Haber bekletmenin sakıncaları
1
7 Kasım 2017 tarihli Sabah gazetesinin arka sayfasında Erhan Öztürk imzalı çok güzel bir haber vardı.
Alışıldık gündemin dışında, hayata farklı pencereden bakan, özgün bir haber. Sosyal medyada da çok alaka gördü, paylaşıldı.
Başlığı: Kadife’den Haber Var.
Mardin’de bacakları kırık olarak bulunup tedavi için İstanbul’a getirilen Kadife ve İnci adlı iki eşeğin hikâyesi...
İstanbul Üniversitesi Veterinerlik Fakültesi’nde tedavi edilmişler. Kadife’nin ayağına protez takılmış. Hatta ameliyat hazırlıkları yapılırken dört aylık hamile olduğu ortaya çıkmış. Bu durum ayrı bir sevince yol açmış.
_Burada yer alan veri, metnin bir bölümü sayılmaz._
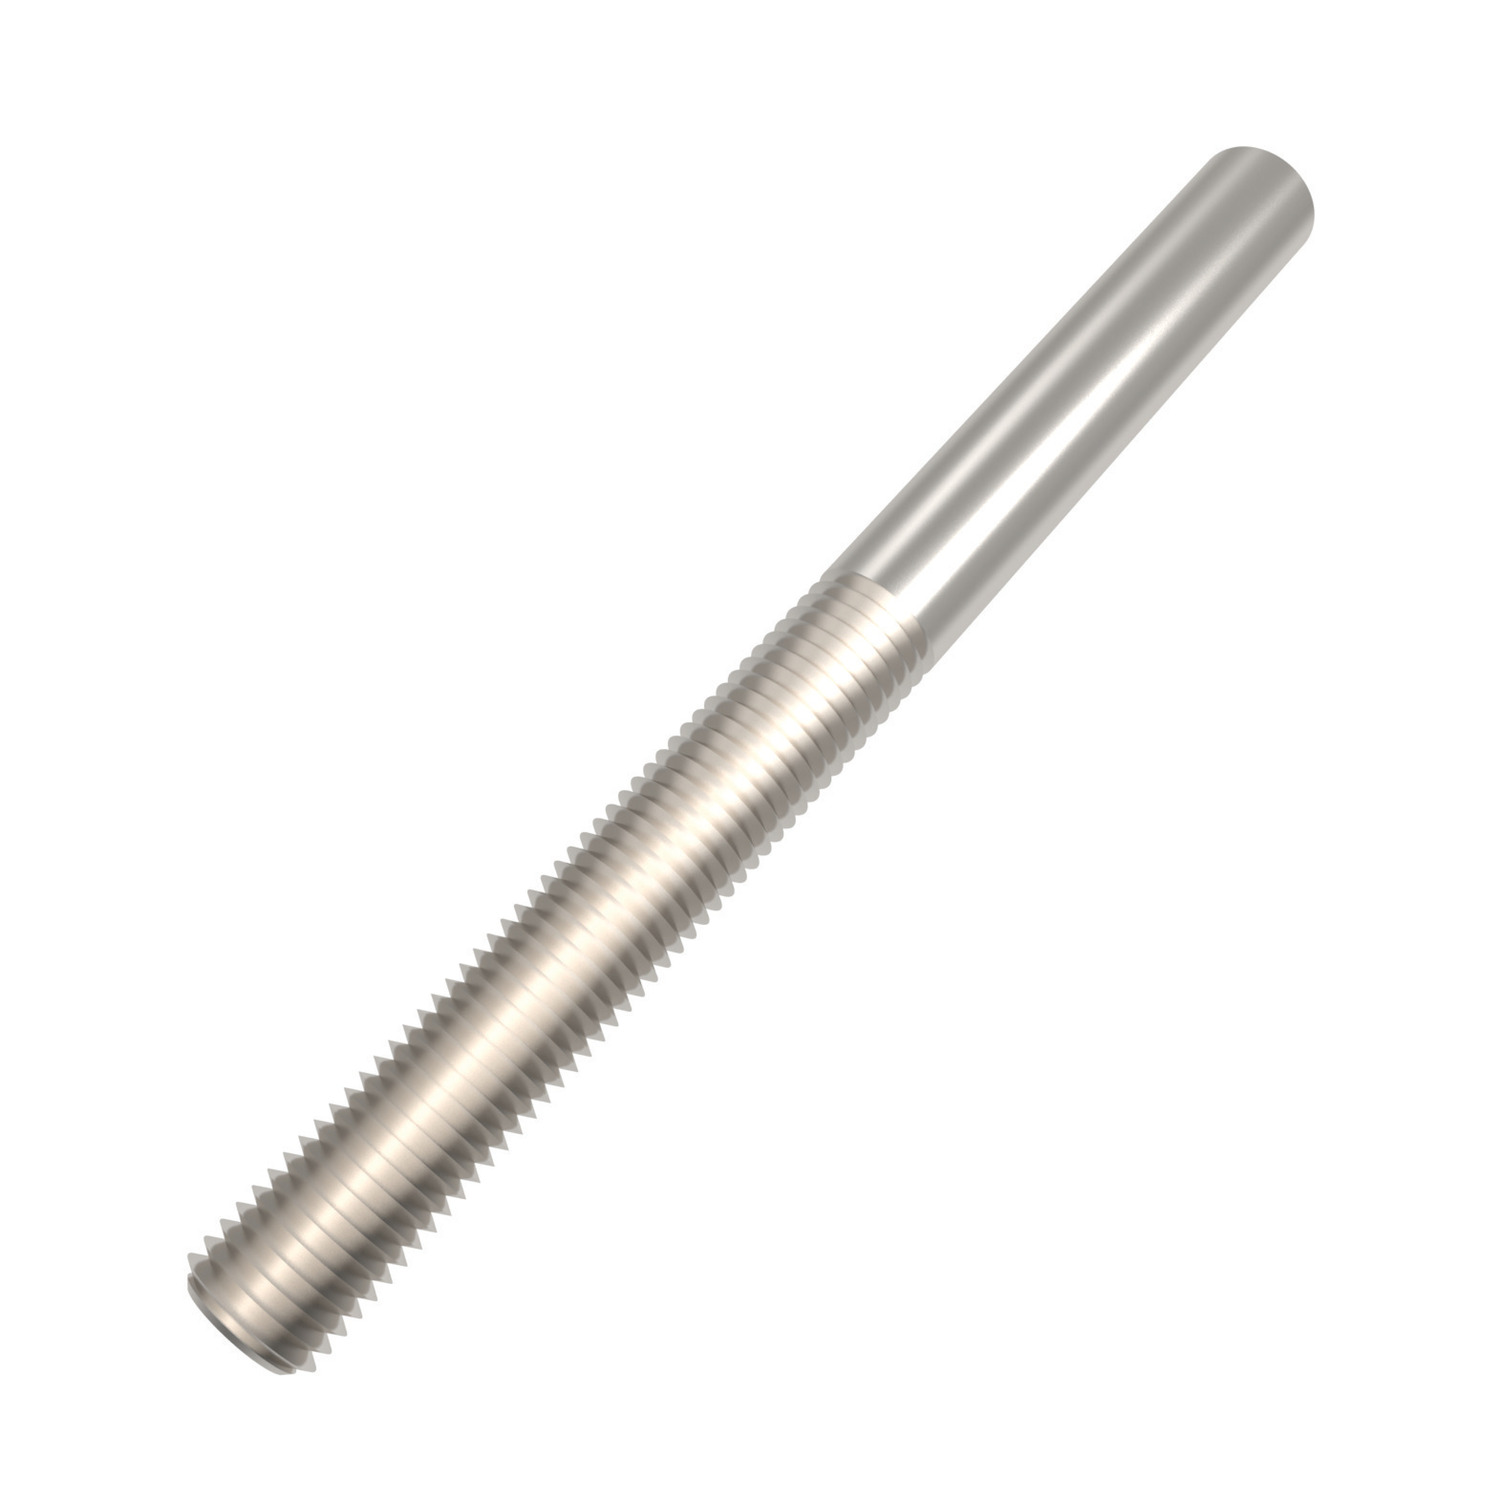 R3868.R030-A4 Welding Studs RH M30 A4 s/s Not to be used for lifting unless SWL marked.
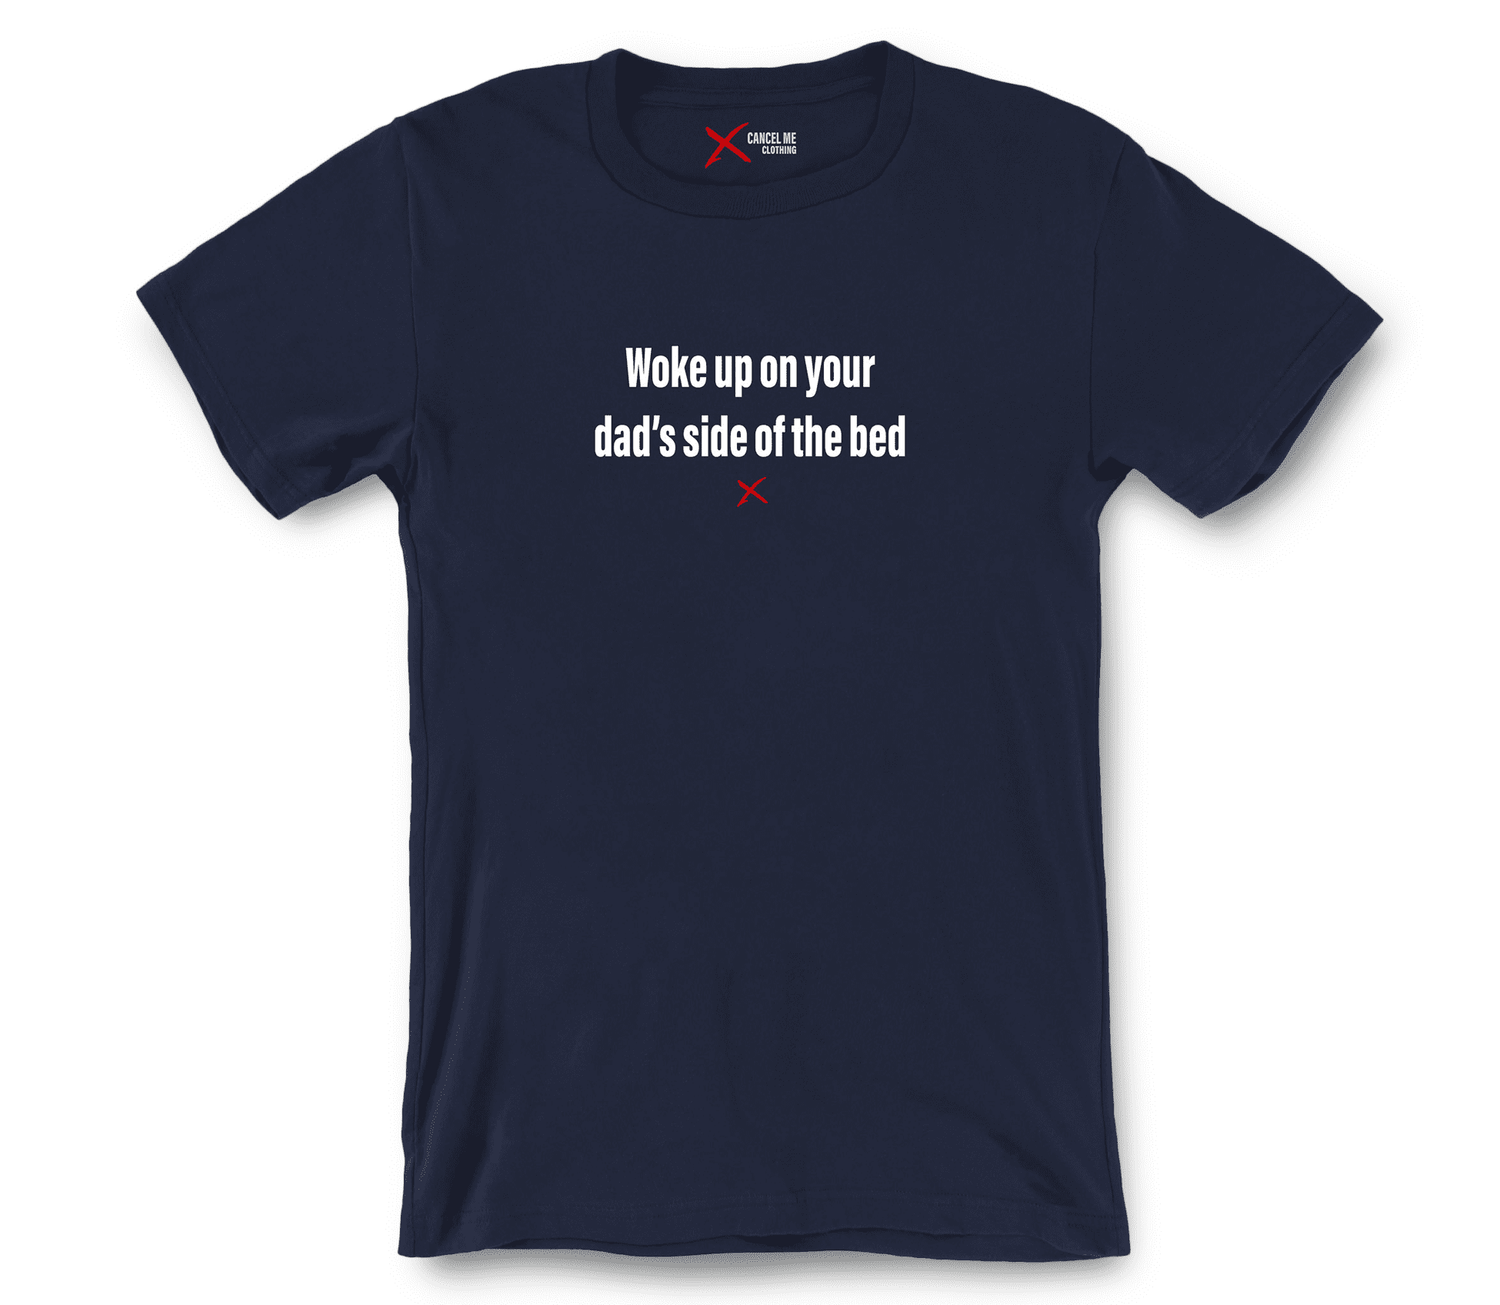 lp-sexual_5-shirt_7791575892138_woke-up-on-your-dads-side-of-the-bed-shirt_Navy.png

Buraya kadar her şey çok güzel... Fakat haberin yayımlandığı gün gelen bir bilgi olayın farklı bir boyutunu ortaya koyuyor.
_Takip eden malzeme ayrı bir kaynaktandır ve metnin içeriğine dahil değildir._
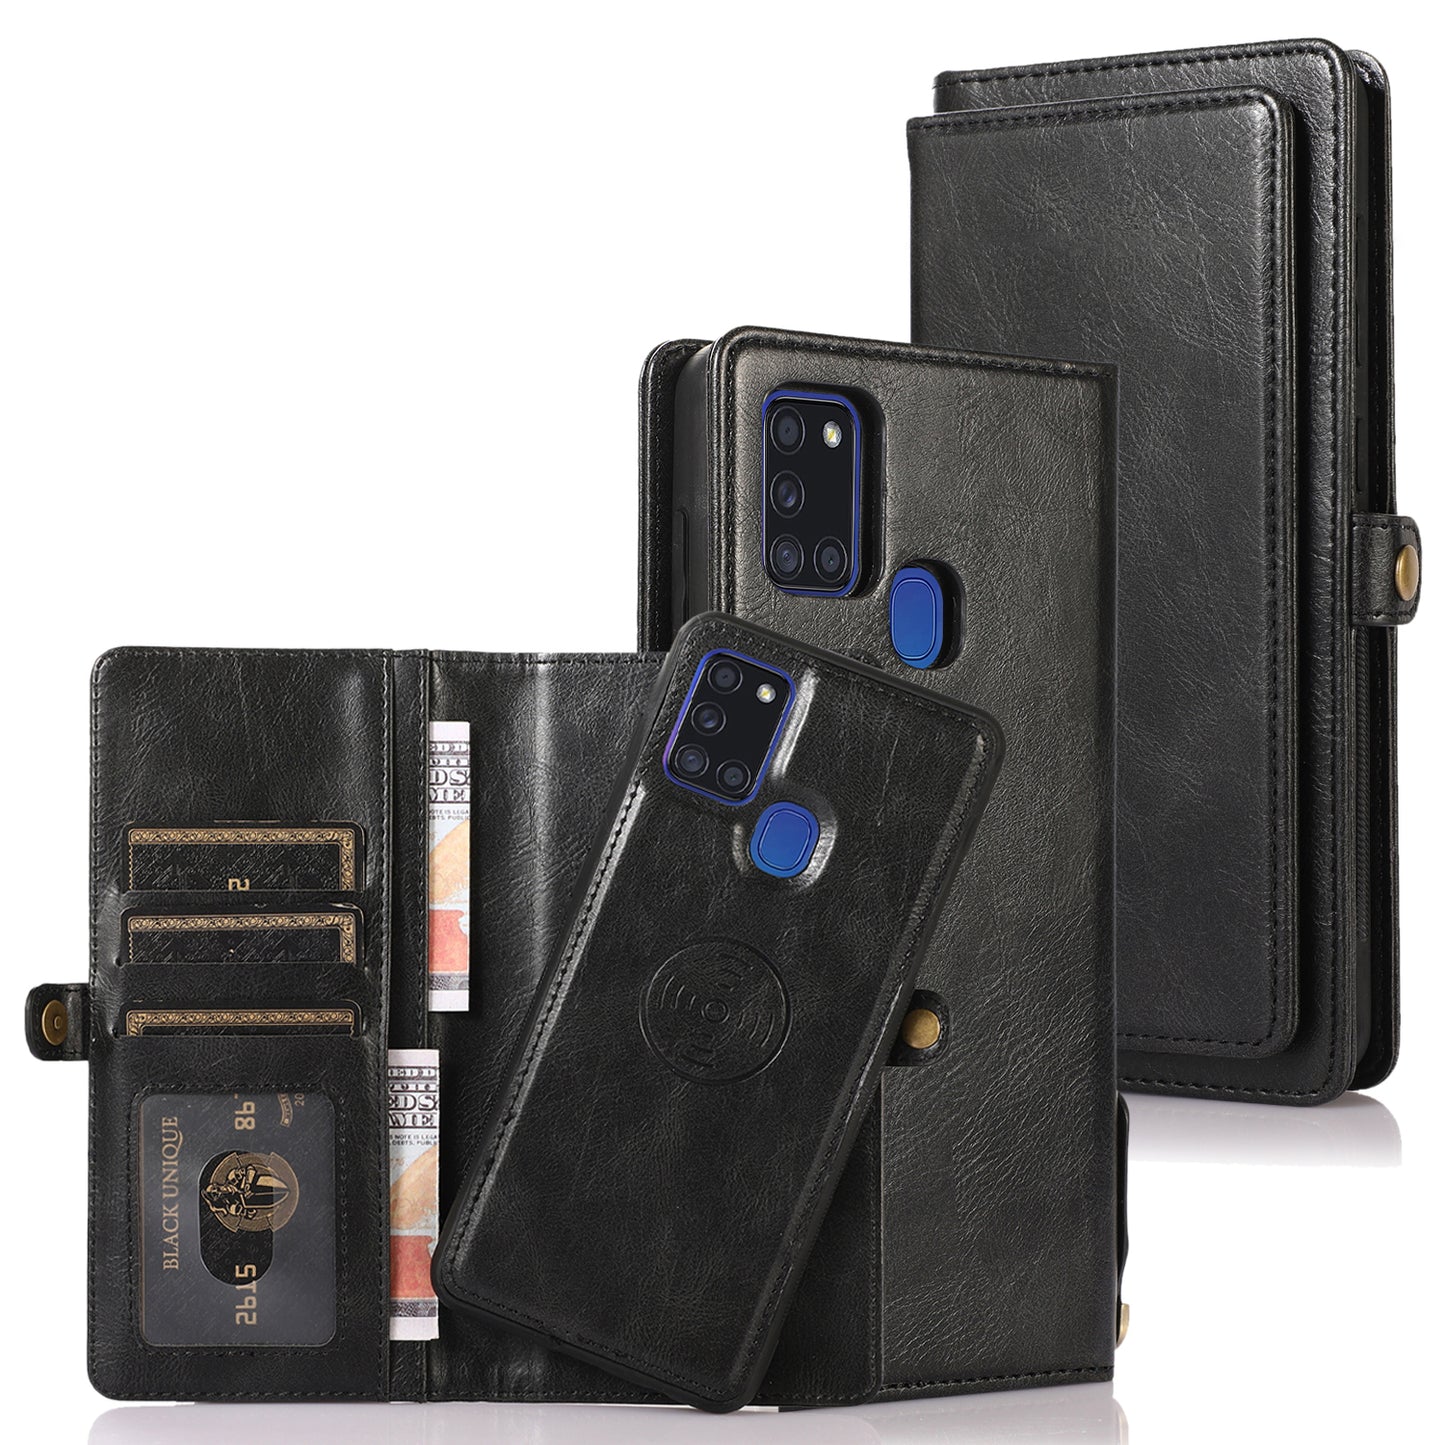 Samsung Galaxy A21s Leather Case Detachable Magnetic Multiple Card Slots Cash Pockets

Kadife kurtarılamamış ve bir gün önce hayata gözlerini yummuş. Yani, haber yayımlandığında çoktan aramızdan ayrılmış.
Gazete idarecilerinin ‘haber tutmak’ gibi kötü bir alışkanlığı vardır. ‘Bugün sayfalar dolu, bu haberi yarın ya da öbür gün yayımlayalım’ derken günler geçer.
Ve haber güncelliğini kaybeder.
İnceleyince gördüm ki muhabirimiz haberi yazı sistemine çok önceden kaydetmiş, hatta bir süre önce gelen yeni bilgiler ışığında güncellemiş.
Daha önce hiçbir yerde yayımlanmayan ve her bakımdan özel olan bu haber yazıldıktan günler sonra gazeteye girebilmiş.
Daha önce de kendisinden görüş alınan kişi öldükten 10 gün sonra yayımlanan haberler görmüştük.
Bu olay da ‘haber tutma’ alışkanlığının sakıncalarına dair bir örnektir.